Supplier calls for Potato Council reform

Sector wants Potato Council to focus on research and development, industry conference hears.

The head of one of the UK's largest fresh-produce suppliers has called for the Potato Council to be merged with the Horticultural Development Company (HDC) and for it to concentrate on research and development, as does the HDC.

Speaking at an FPJ conference earlier this month, Nationwide Produce managing director Tim O'Malley said: "The Potato Council is currently trying to be all things to all men - promotion, marketing, statistics, PR, newsletter, R&D, exhibitions - and, apart from R&D, is not succeeding."

He claimed that "a groundswell of opinion" in the sector would like to see the Potato Council focus purely on its R&D functions.

As the Lancashire-based firm buys 85,000 tonnes of potatoes a year, it has to pay an annual levy to the council of around £15,000. O'Malley contrasted this with the British Onion Producers Association, membership of which costs Nationwide a 20th as much.

He suggested that the crop association model, under the aegis of umbrella body the British Growers Association, offers an alternative vehicle for the Potato Council's current promotional roles.

The call coincides with efforts by some growers to resist paying a levy to fund the HDC. But O'Malley said: "The HDC has high approval because it sticks to what it's good at." With similar revenue, the HDC has 22 staff, compared with the Potato Council's 36, he noted. "There have to be some economies of scale."

Levy-payer ballot Obstacles criticised

Nationwide Produce managing director Tim O'Malley criticised the obstacles in the way of Potato Council levy payers seeking to overturn the current funding arrangement.

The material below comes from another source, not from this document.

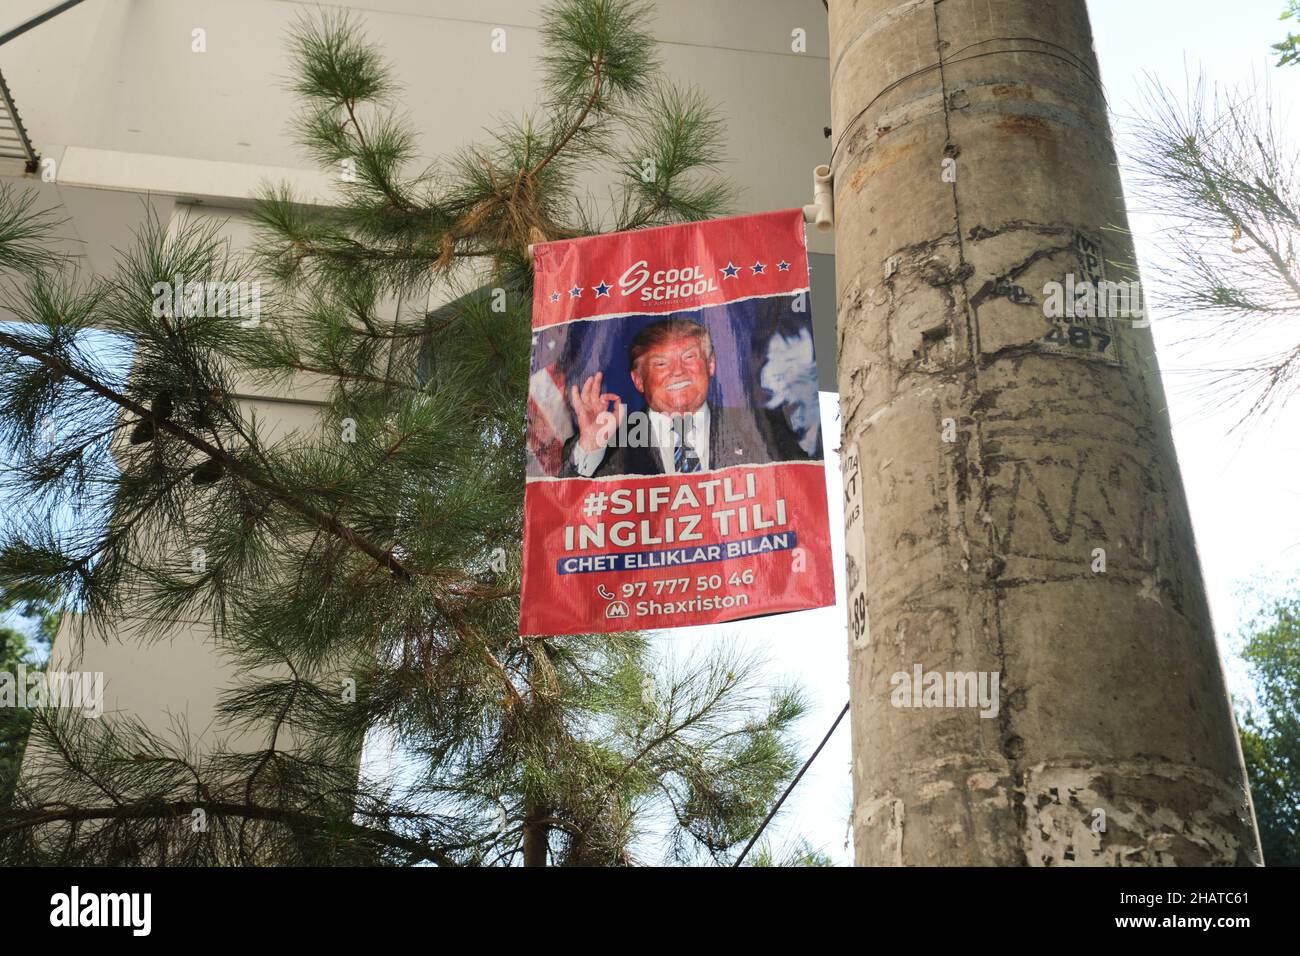 Ein Plakat, Werbung für eine englischsprachige Schule, Kurs, mit einem Bild von Donald Trump und dem OK-Zeichen. In Taschkent, Usbekistan. Stockfoto

Since becoming part of the AHDB in 2008, the council is only subject to a levy payer ballot if five per cent - around 150 levy payers - request it. But the council will not reveal levy payers' contact details, citing data protection law.

Since 2008, there is no longer a statutory obligation for a ballot at least every five years on the funding arrangements. The last such ballot was in 2004.

O'Malley said: "I am not for rushing head-long into a ballot." But he is seeking the backing of at least 150 levy payers "to kick-start the debate".